Title: Learning from Non-Traditional Sources of Data
Abstract: Imitation learning has traditionally been focused on learning a policy or a reward function from expert demonstrations. However, in practice in many robotics applications, we have limited access to expert demonstrations. Today, I will talk about a set of techniques to address some of the challenges of learning from non-traditional sources of data, i.e., suboptimal demonstrations, rankings, play data, and physical corrections. I will first talk about our confidence-aware imitation learning approach that simultaneously estimates a confidence measure over demonstrations and the policy parameters. I will then talk about extending this approach to learn a confidence measure over expertise of different demonstrators in an unsupervised manner. Following up, I will discuss how we can learn more expressive models such as a multimodal reward function when learning from a mixture of ranking data. Finally, I talk about our recent efforts in learning from other non-traditional sources of data in interactive domains. Specifically, we show how predicting latent affordances can be substantial when learning from undirected play data in interactive domains, and how we can learn from a sequence of interactions through physical corrections.

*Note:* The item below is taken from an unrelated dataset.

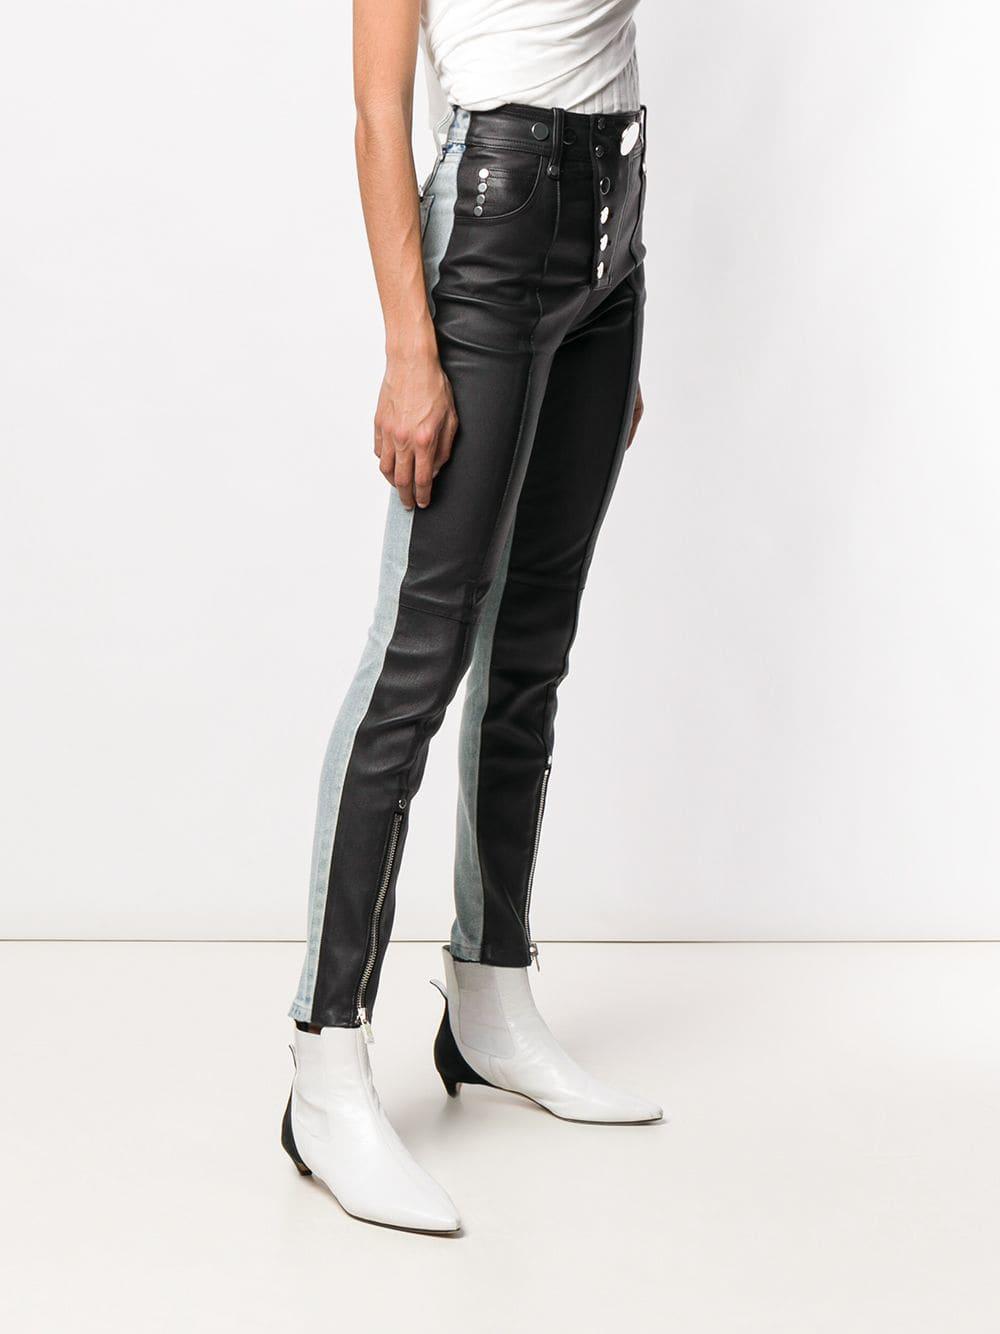 How To Style Leather Pants for Work, Play or Party — The Wardrobe Consultant

Speaker Bio: Dorsa Sadigh is an assistant professor in Computer Science and Electrical Engineering at Stanford University. Her research interests lie in the intersection of robotics, learning, and control theory. Specifically, she is interested in developing algorithms for safe and adaptive human-robot interaction. Dorsa received her doctoral degree in Electrical Engineering and Computer Sciences (EECS) from UC Berkeley in 2017, and received her bachelor’s degree in EECS from UC Berkeley in 2012. She is awarded the NSF CAREER award, the AFOSR Young Investigator award, MIT TR35, and the Google Faculty Award, and the Amazon Faculty Research Award.
Date and Time:
Thursday, March 17, 2022
1:00 - 2:30 PM - EST
Recording: https://youtu.be/QO_K1WpDRTo